- Crevasse Crag Location within British Columbia
- Interactive map of Crevasse Crag

Highest point
- Elevation: 2,496 m (8,189 ft)
- Prominence: 66 m (217 ft)
- Coordinates: 50°06′40″N 122°11′53″W﻿ / ﻿50.11111°N 122.19806°W

Geography
- Location: British Columbia, Canada
- District(s): Kamloops Division Yale Land District New Westminster Land District
- Parent range: Lillooet Ranges
- Topo map: NTS 92J1 Stein Lake

Geology
- Formed by: Subduction zone volcanism
- Rock age: 16 million years
- Volcanic arc: Canadian Cascade Arc
- Volcanic belt: Pemberton Volcanic Belt

= Crevasse Crag =

Mountain in the country of Canada

Crevasse Crag is a jagged steep-sided prominence on the summit of a glaciated mountain ridge in the Lillooet Ranges of southwestern British Columbia, Canada. It is located about 49 km southeast of the village of Pemberton. Situated on the boundary between New Westminster Land District and Kamloops Division Yale Land District, the peak has a maximum elevation of 2496 m and a topographic prominence of 66 m.

The name of the peak was adopted on March 31, 1969 as submitted by climber Christian Adam. It is named after the large crevasse directly below its north ridge.
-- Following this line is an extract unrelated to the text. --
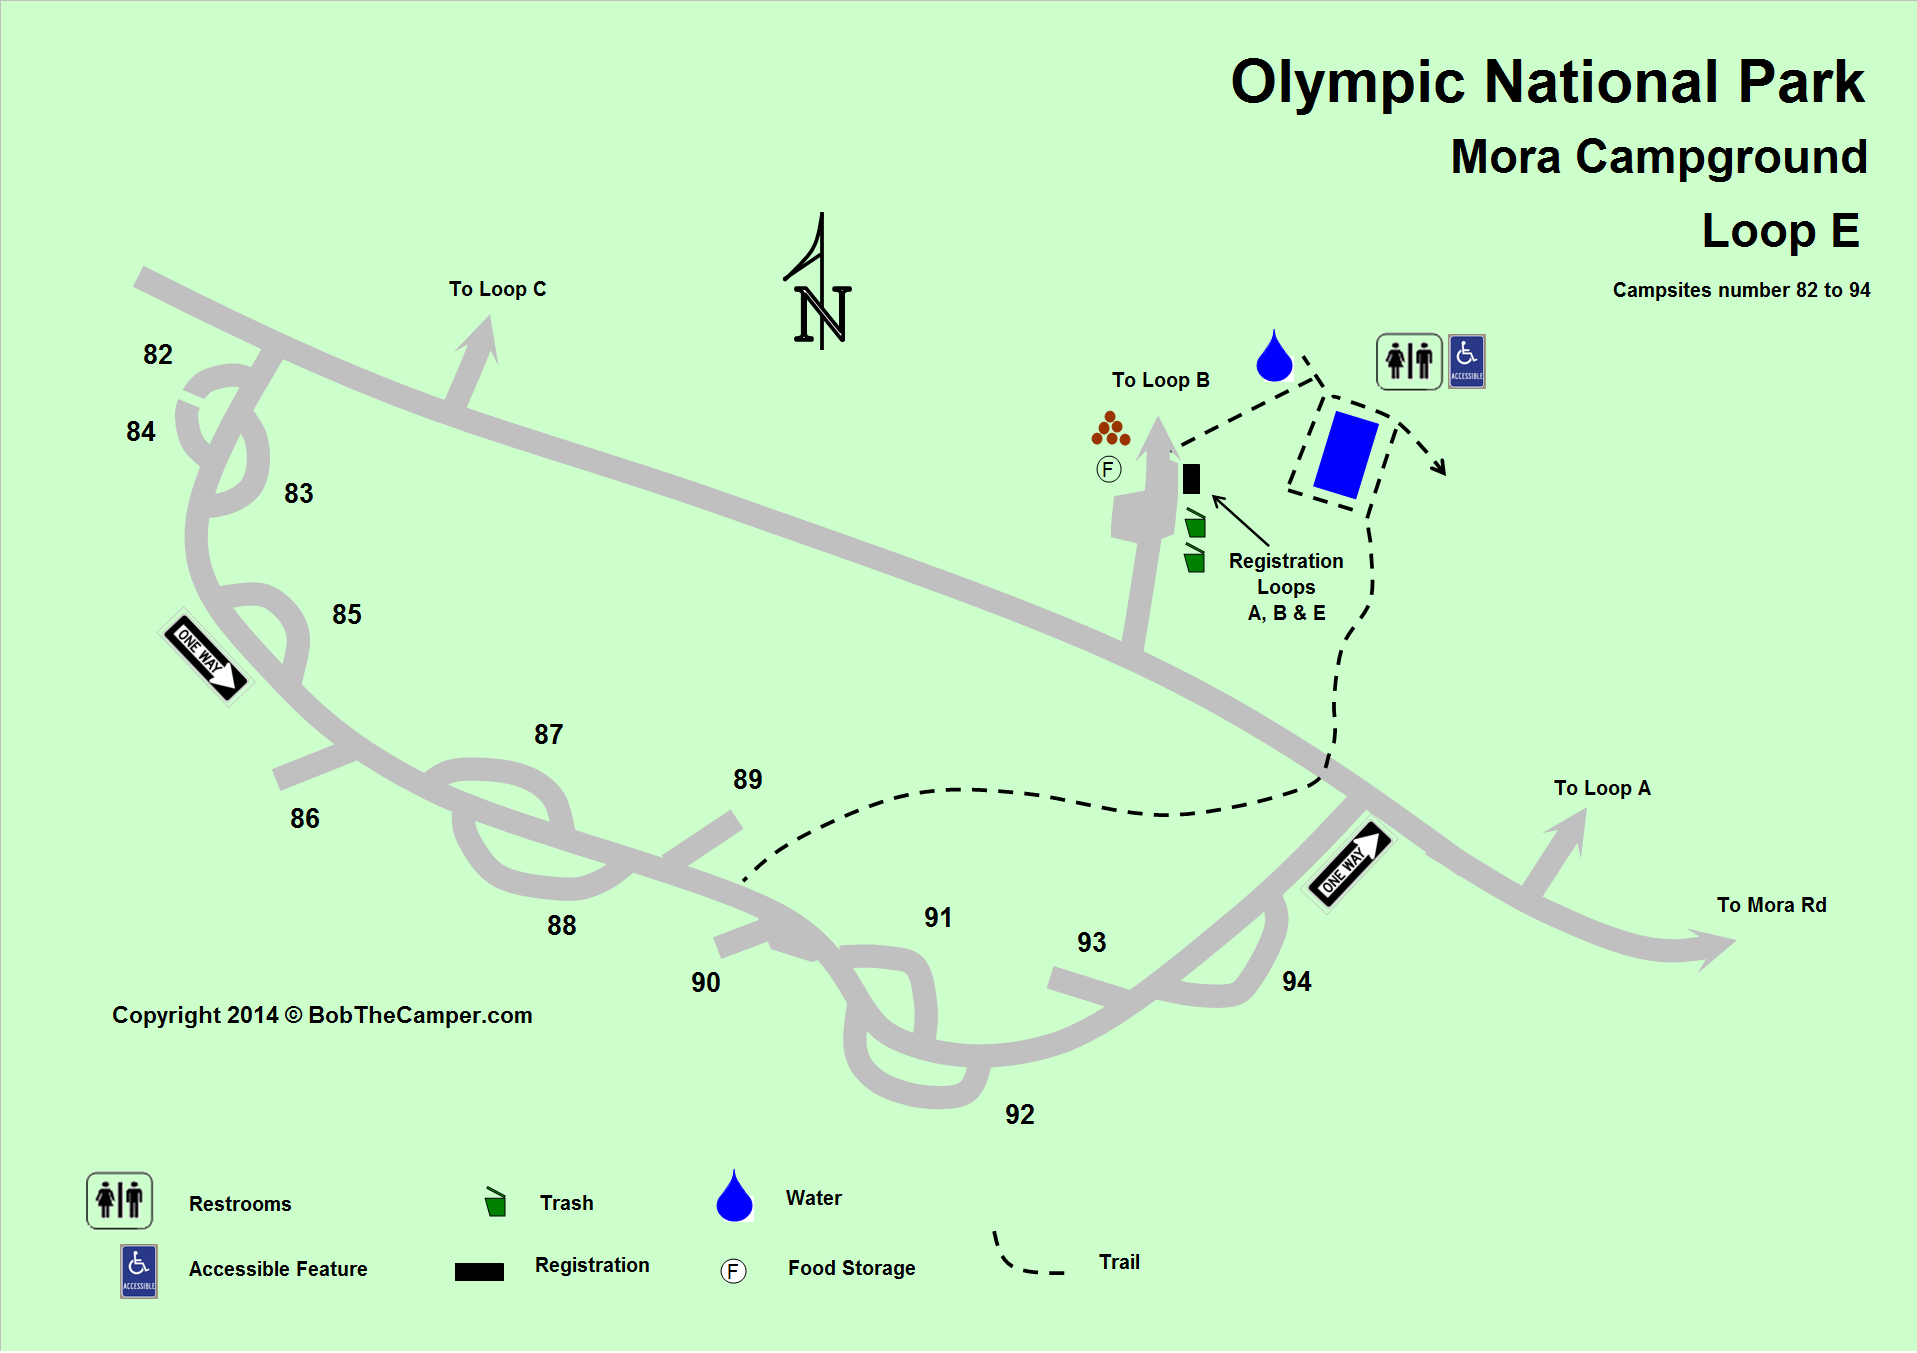 Национальный парк Олимпик на карте. Mach loop на карте. Ориентировщинская карта Олимпик.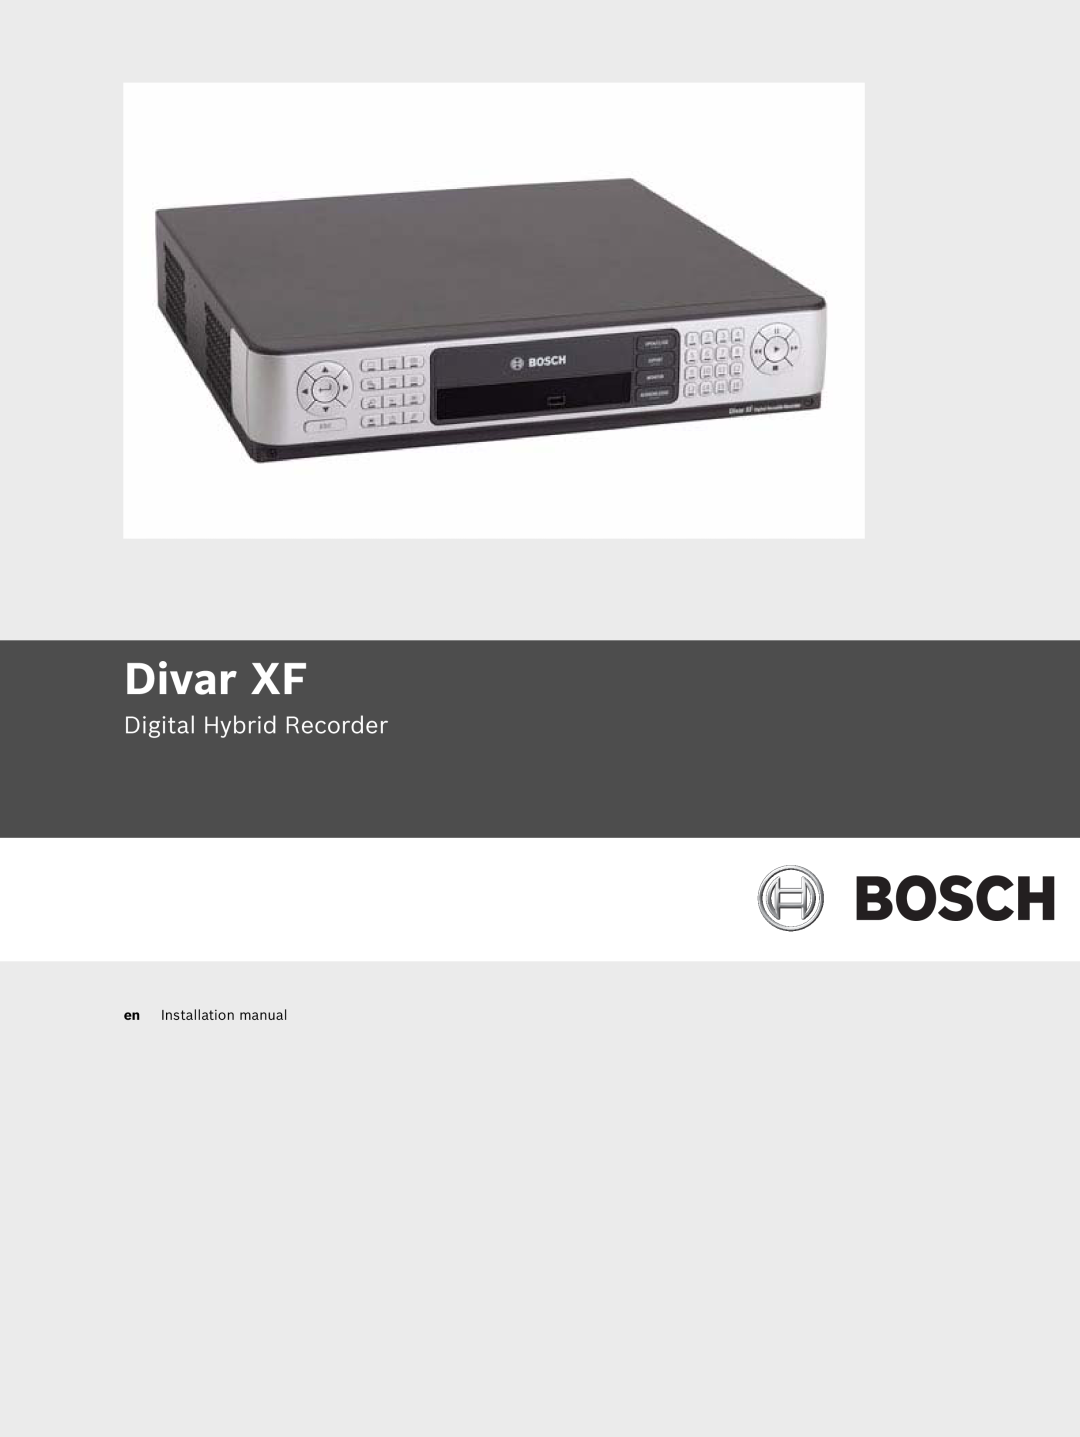 Bosch Appliances installation manual Divar XF, Digital Hybrid Recorder, en Installation manual

Prior to its adoption in 1969, Crevasse Crag was climbed by Adam et al. on August 16, 1967.

Crevasse Crag is the remains of an extinct volcano that formed 16 million years ago when the Pemberton Belt was volcanically active. This volcano erupted breccias, tuffs and plagioclase-phyric flows, all of which form the present day edifice of Crevasse Crag. Analyses of major, trace and rare-earth elements suggest that dacite, andesite and basaltic andesite lava flows form the lower flanks of the crag. These overlie Late Cretaceous and younger intrusive rocks that form the glaciated mountain ridge on which Crevasse Crag lies.